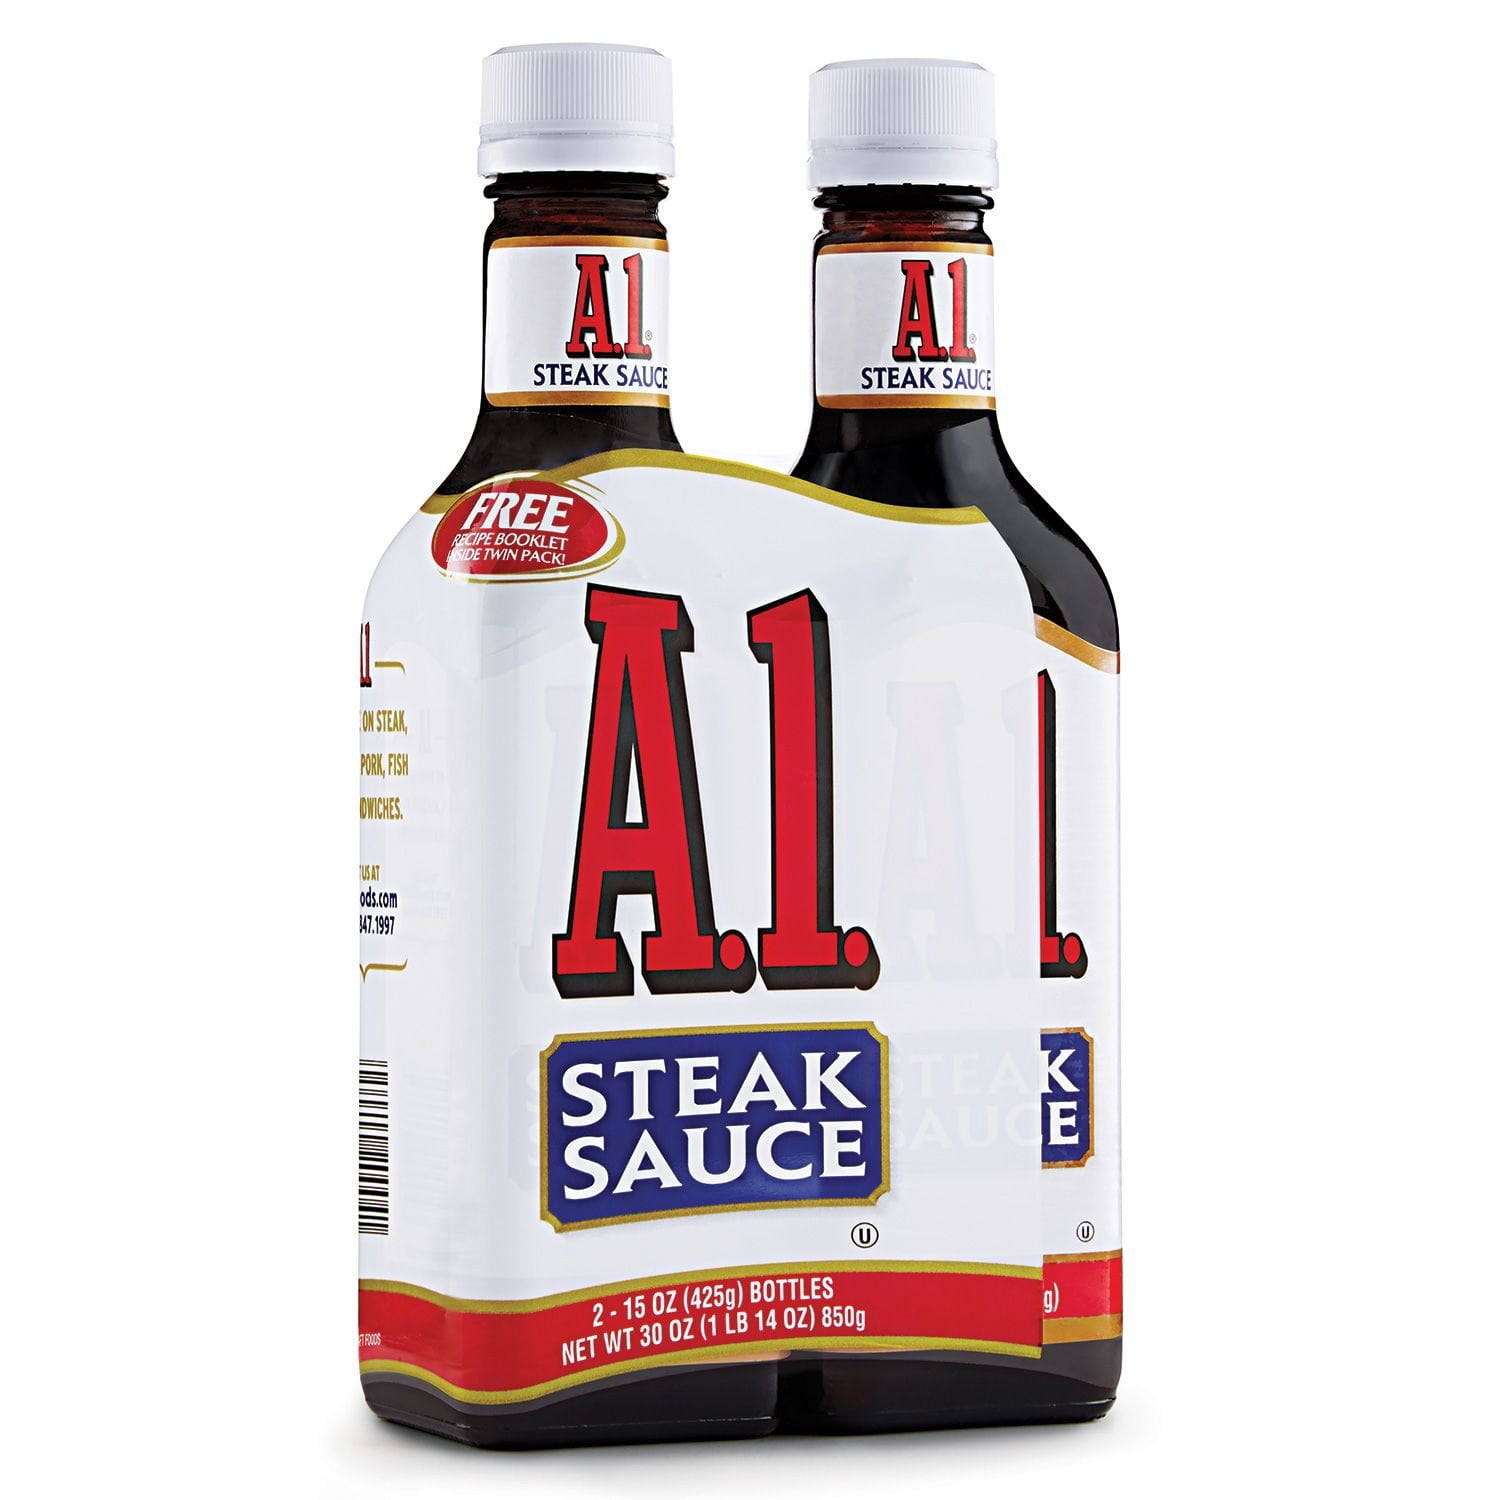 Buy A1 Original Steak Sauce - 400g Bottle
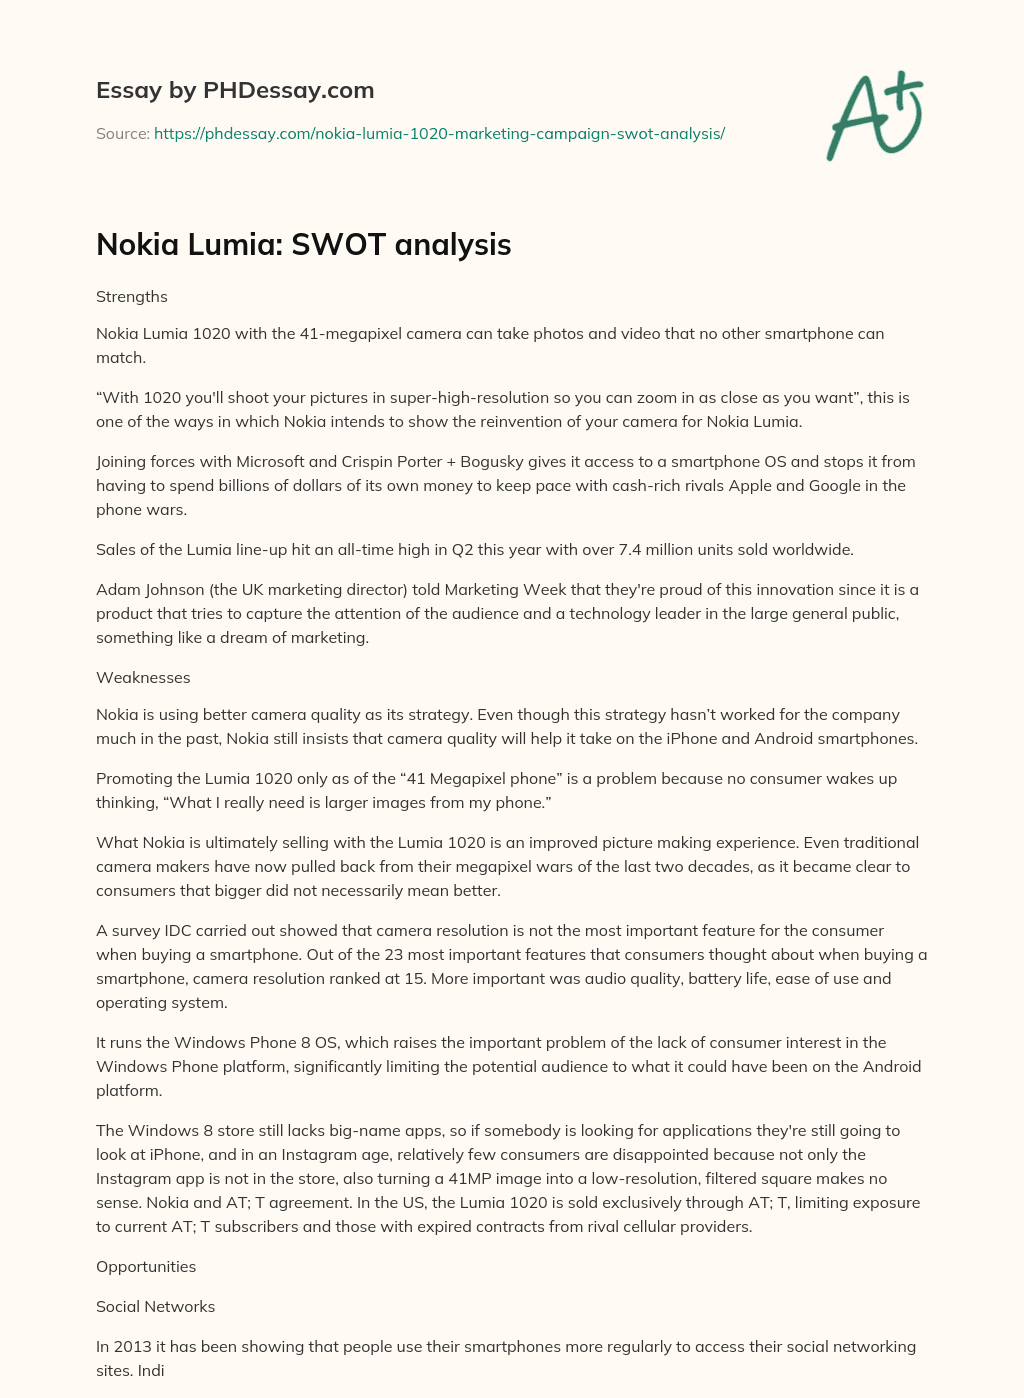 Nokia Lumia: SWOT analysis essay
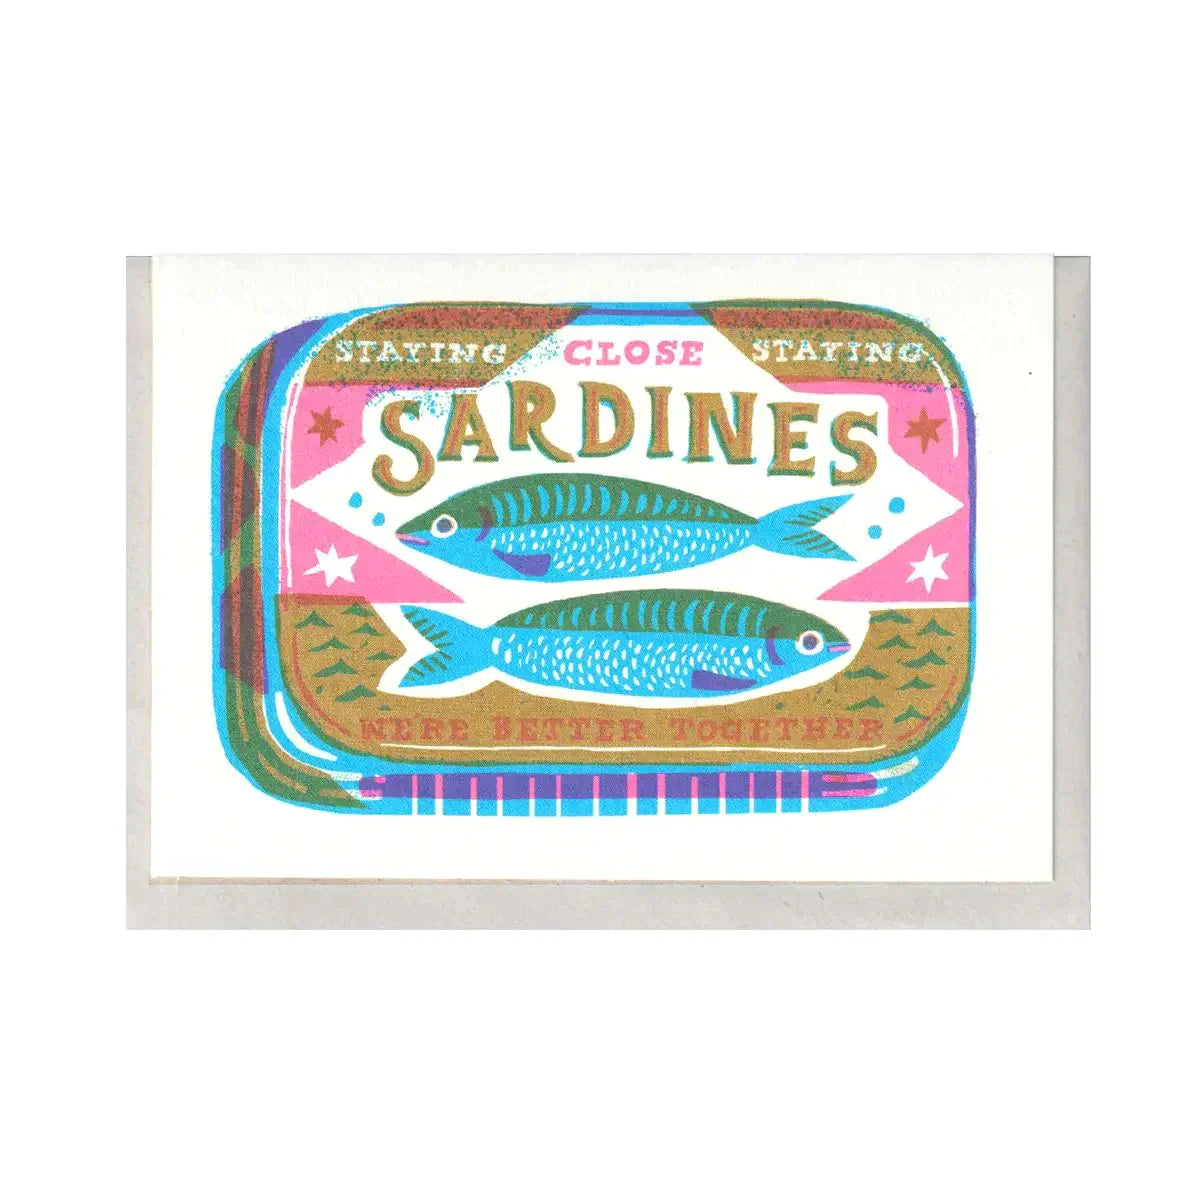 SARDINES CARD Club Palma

TASK DESCRIPTION:
From the line that contains "Nokia Lumia: SWOT analysis essay" to the final line of the material, write out each line exactly. Pictures stay out.

EXPECTED ANSWER:
 Nokia Lumia: SWOT analysis essay
 SARDINES CARD Club Palma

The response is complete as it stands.